Source material:
◇ ◇ ◇ ◇ ◇ ◇ ◇

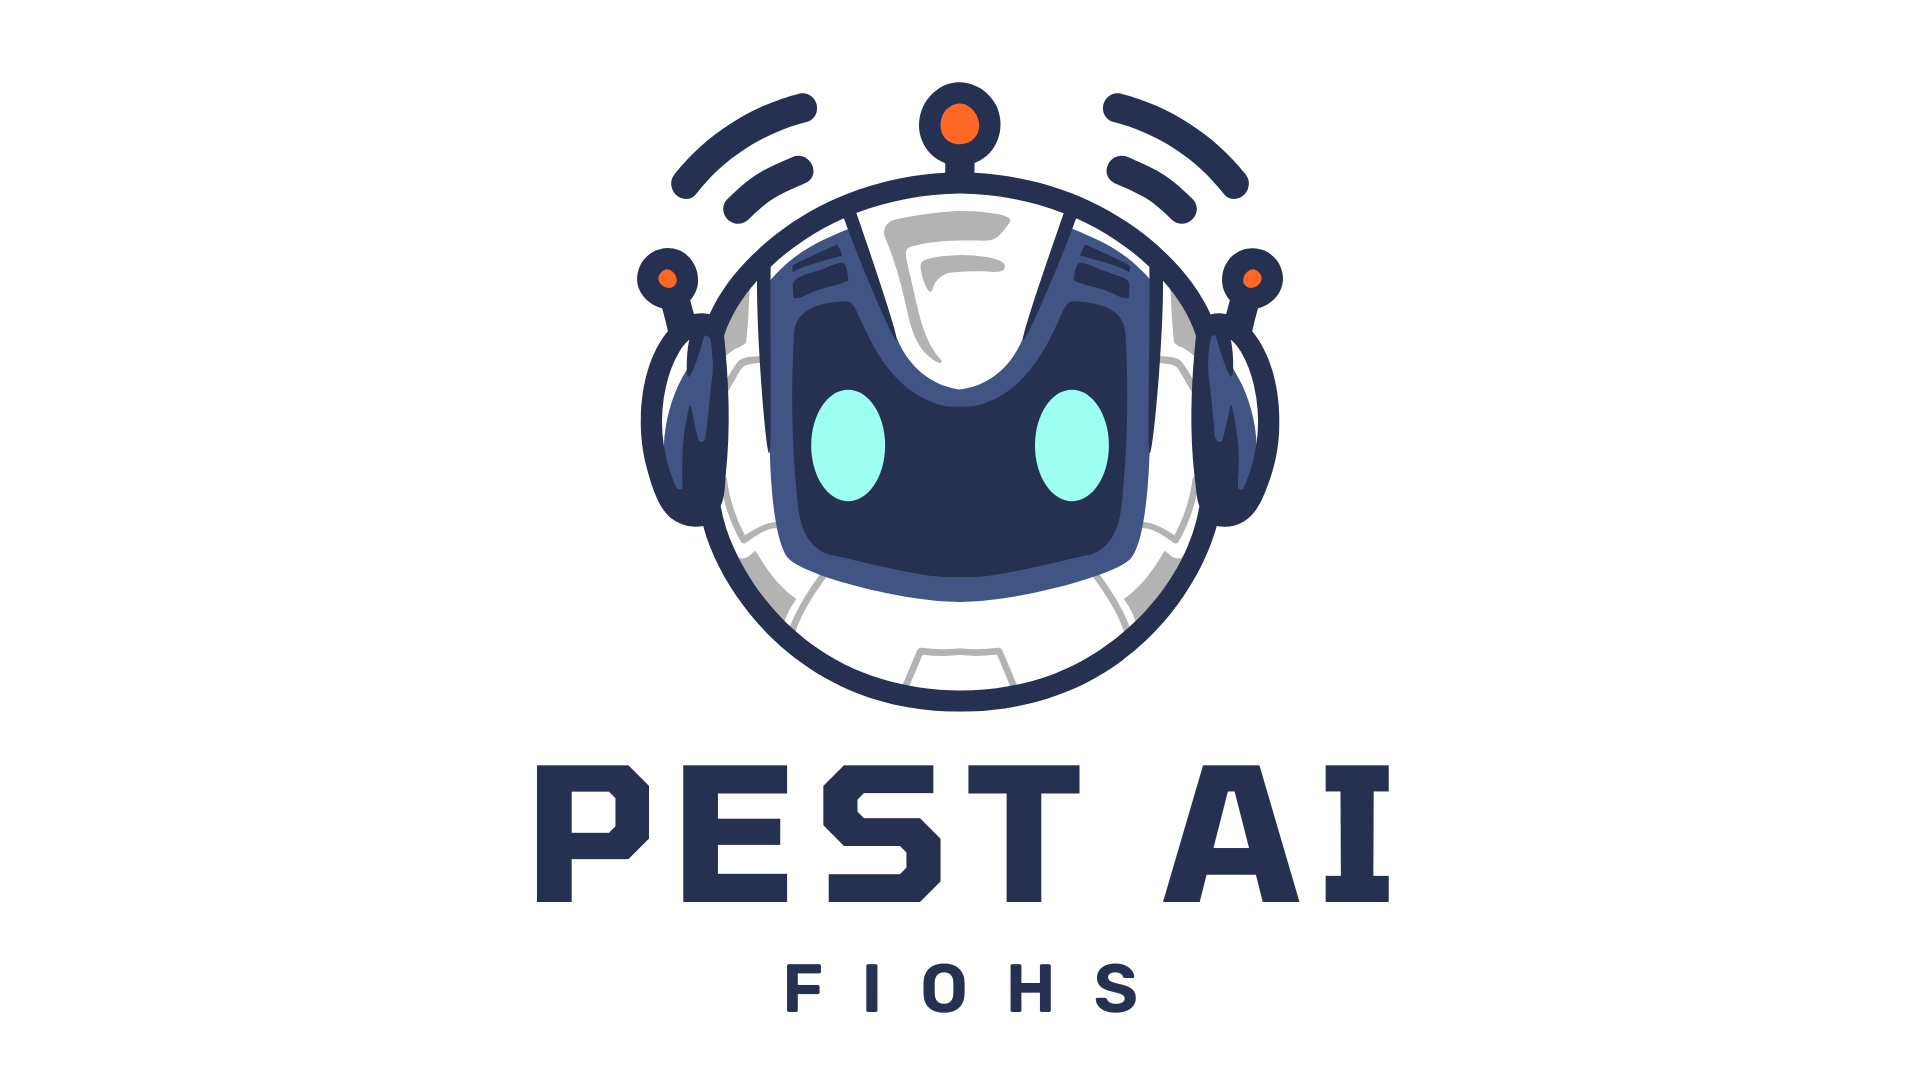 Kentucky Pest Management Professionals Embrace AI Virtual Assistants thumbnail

◇ ◇ ◇ ◇ ◇ ◇ ◇

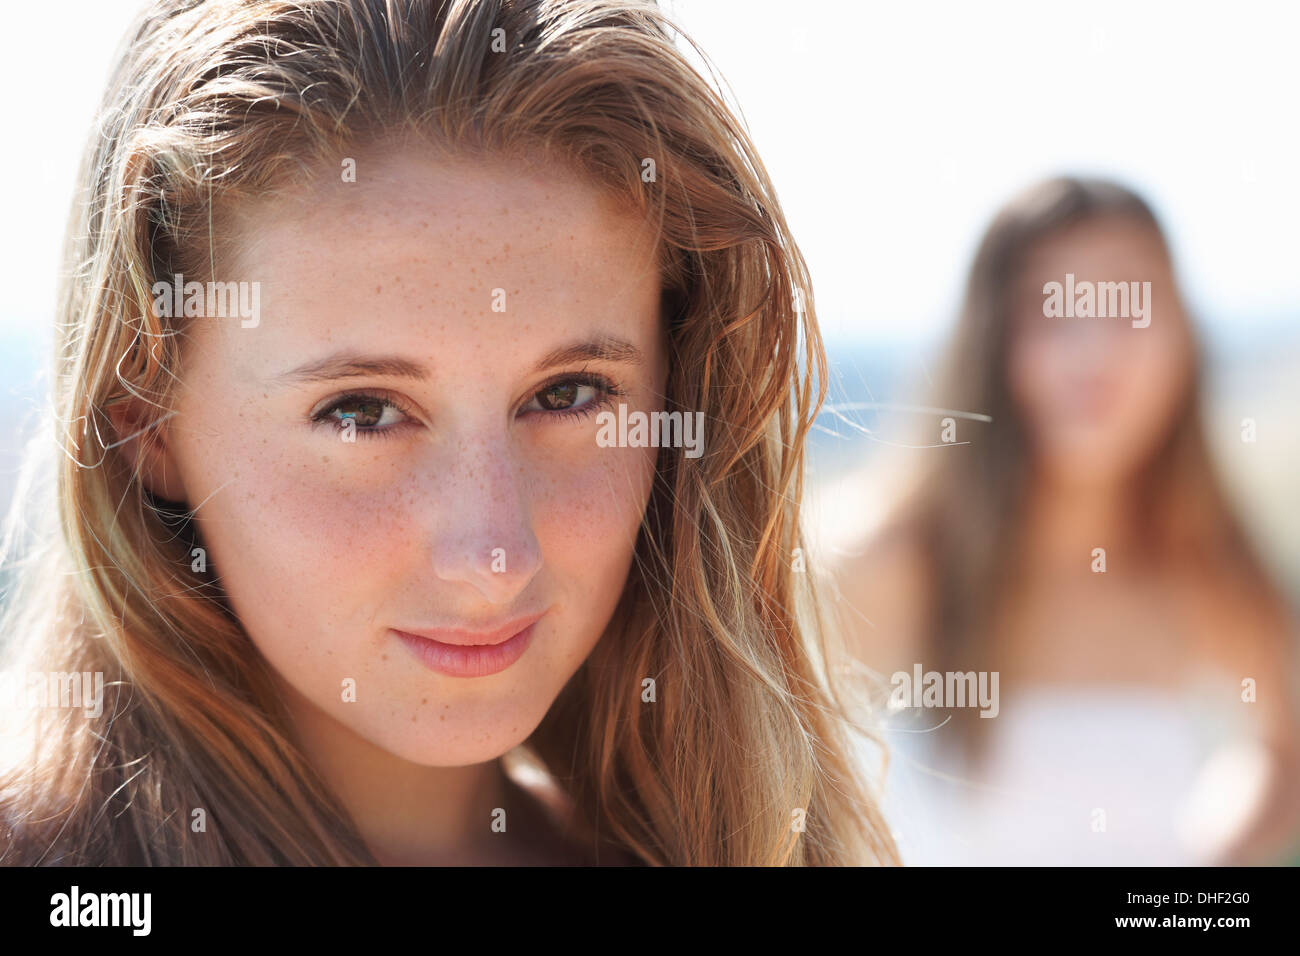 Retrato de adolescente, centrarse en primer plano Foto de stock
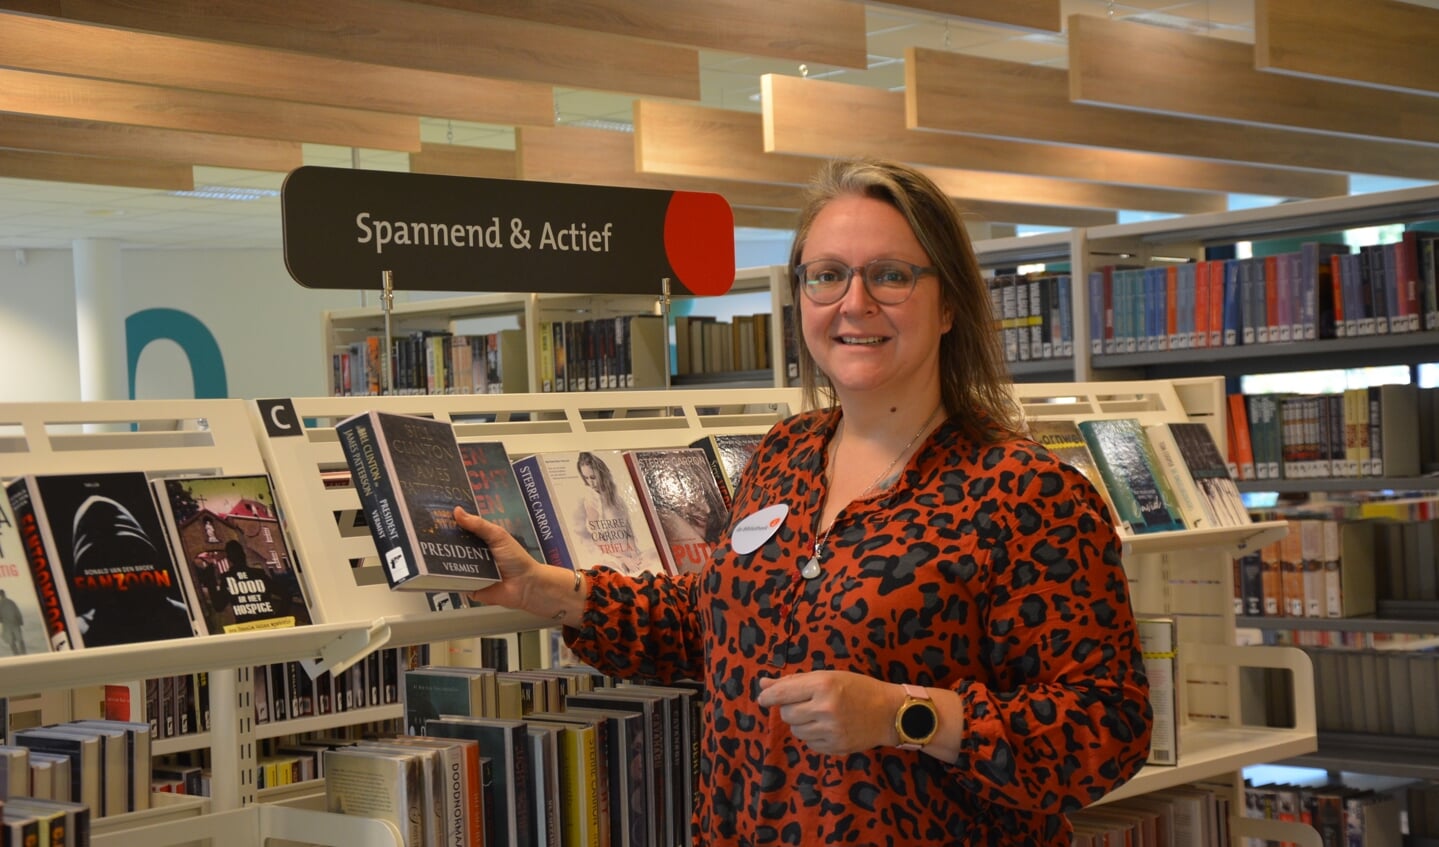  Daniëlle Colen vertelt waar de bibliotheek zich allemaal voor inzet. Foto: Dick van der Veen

◇ ◇ ◇ ◇ ◇ ◇ ◇

Working from the data above, repeat exactly, and only, the lines that begin at the line containing "Retrato de adolescente, centrarse" and stop after the line containing "Daniëlle Colen vertelt"; pictures are not copied.

 Retrato de adolescente, centrarse en primer plano Foto de stock
  Daniëlle Colen vertelt waar de bibliotheek zich allemaal voor inzet. Foto: Dick van der Veen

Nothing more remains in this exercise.